Why? Is Vienna non-existent too?


----------



## bigshot (Nov 22, 2011)

It's the sound. I realized that the signature Vienna sound is very close to the signature Czech sound. In fact, the main difference is the horns. These are the two orchestras that I can immediately recognize by sound. I had never heart a Mozart symphony, which doesn't have the typical Dvorak brass, by the CPO. Once I heard it, it clicked.

Also, Talich is a very underrated conductor. I have yet to hear a recording by him where he didn't hit it out of the park.


----------



## moody (Nov 5, 2011)

bigshot said:


> It's the sound. I realized that the signature Vienna sound is very close to the signature Czech sound. In fact, the main difference is the horns. These are the two orchestras that I can immediately recognize by sound. I had never heart a Mozart symphony, which doesn't have the typical Dvorak brass, by the CPO. Once I heard it, it clicked.
> 
> Also, Talich is a very underrated conductor.
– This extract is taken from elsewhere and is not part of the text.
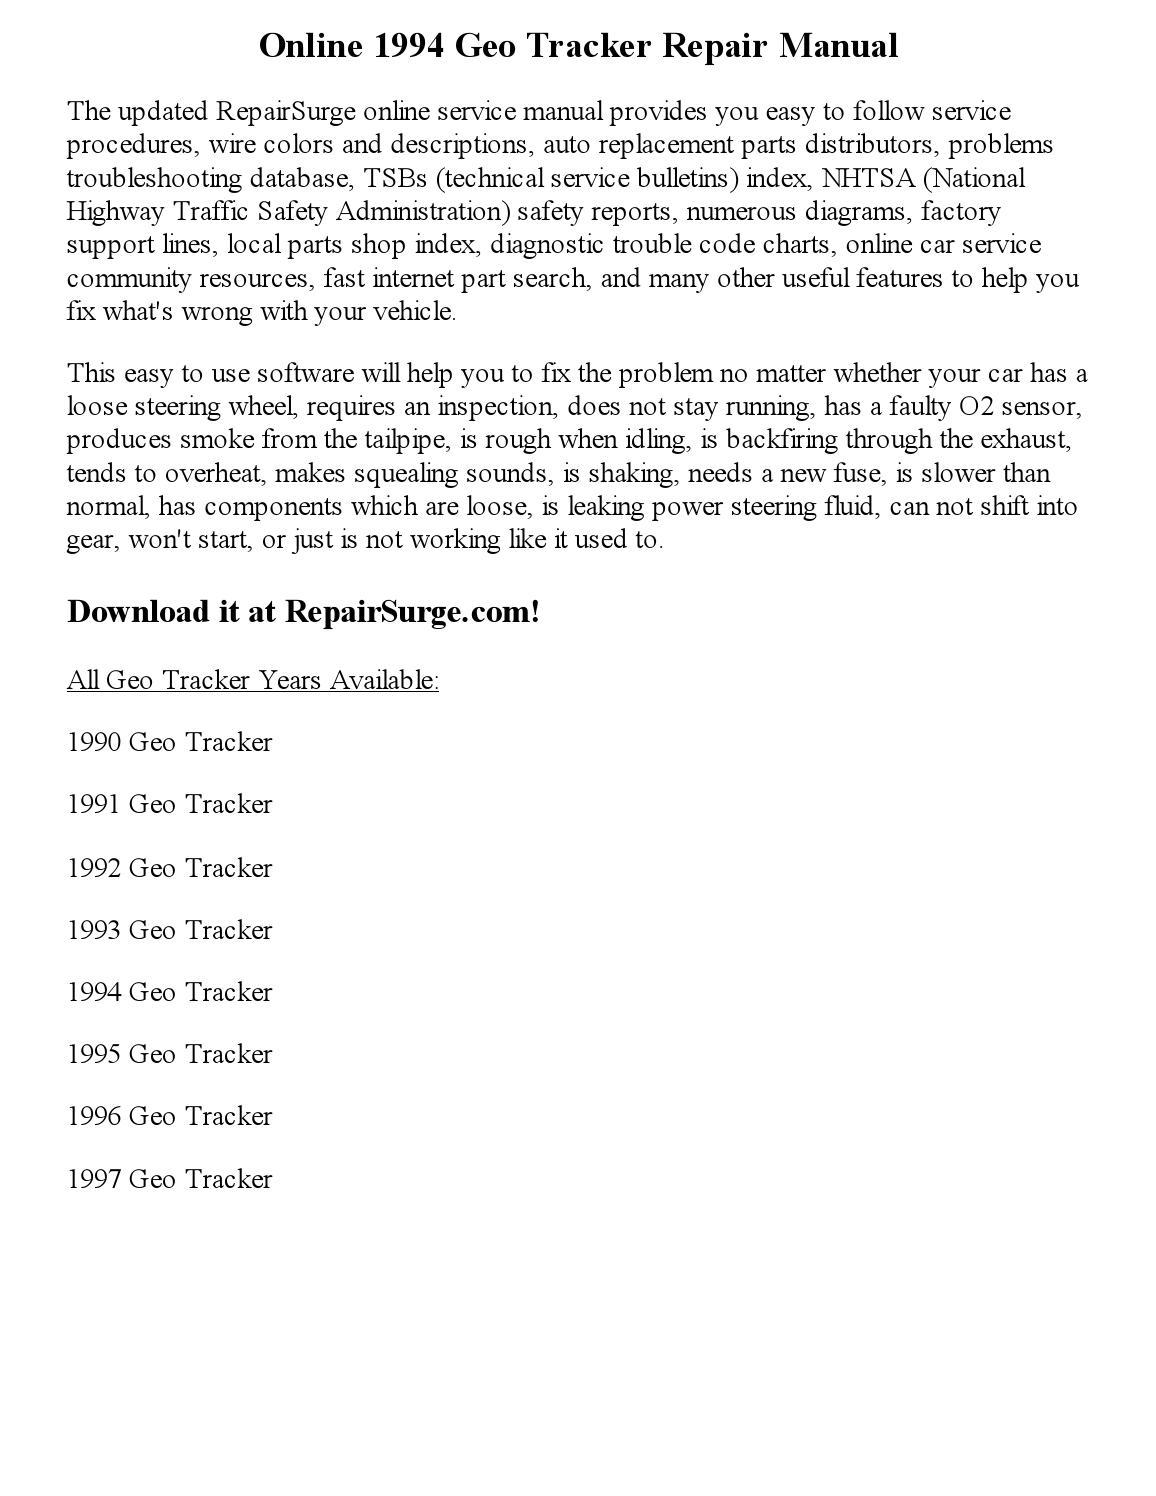 1994 Geo Tracker Repair Manual Online By Robertjames Smith

I have yet to hear a recording by him where he didn't hit it out of the park.


Yes, it is strange the lack of interest in Talich here but you must remember that most of this lot won't listen unless the recording is in super hi-fi.
I believe that Mephisto is having a dig at the fact that there is no Czechoslovakia now.


----------



## bigshot (Nov 22, 2011)

The Talich I'm listening to on Supraphon is all high fidelity... Just mono. Perhaps orchestras with distinct sounds are looked down upon now. If that's the case, a lot of music is going to suffer. I can't imagine Dvorak or Smetana without the Czech Phil, Strauss Waltzes without the VPO, or Russian music without the great Russian orchestras.


----------



## moody (Nov 5, 2011)

bigshot said:


> The Talich I'm listening to on Supraphon is all high fidelity... Just mono. Perhaps orchestras with distinct sounds are looked down upon now. If that's the case, a lot of music is going to suffer. I can't imagine Dvorak or Smetana without the Czech Phil, Strauss Waltzes without the VPO, or Russian music without the great Russian orchestras.


The question of orchestral sound came up in an exchange with Superhorn .Orchestras from different countries e.g. France, Russia and Germany sounded completely different from one another--French brass was something rather awful to listen to.
Now they all use German brass so there is little to tell them apart.
I'm sure the travelling conductor and the not-very-permanent chief conductors have also played a part,Talich was the Czech Phil's conductor for quite a while.


----------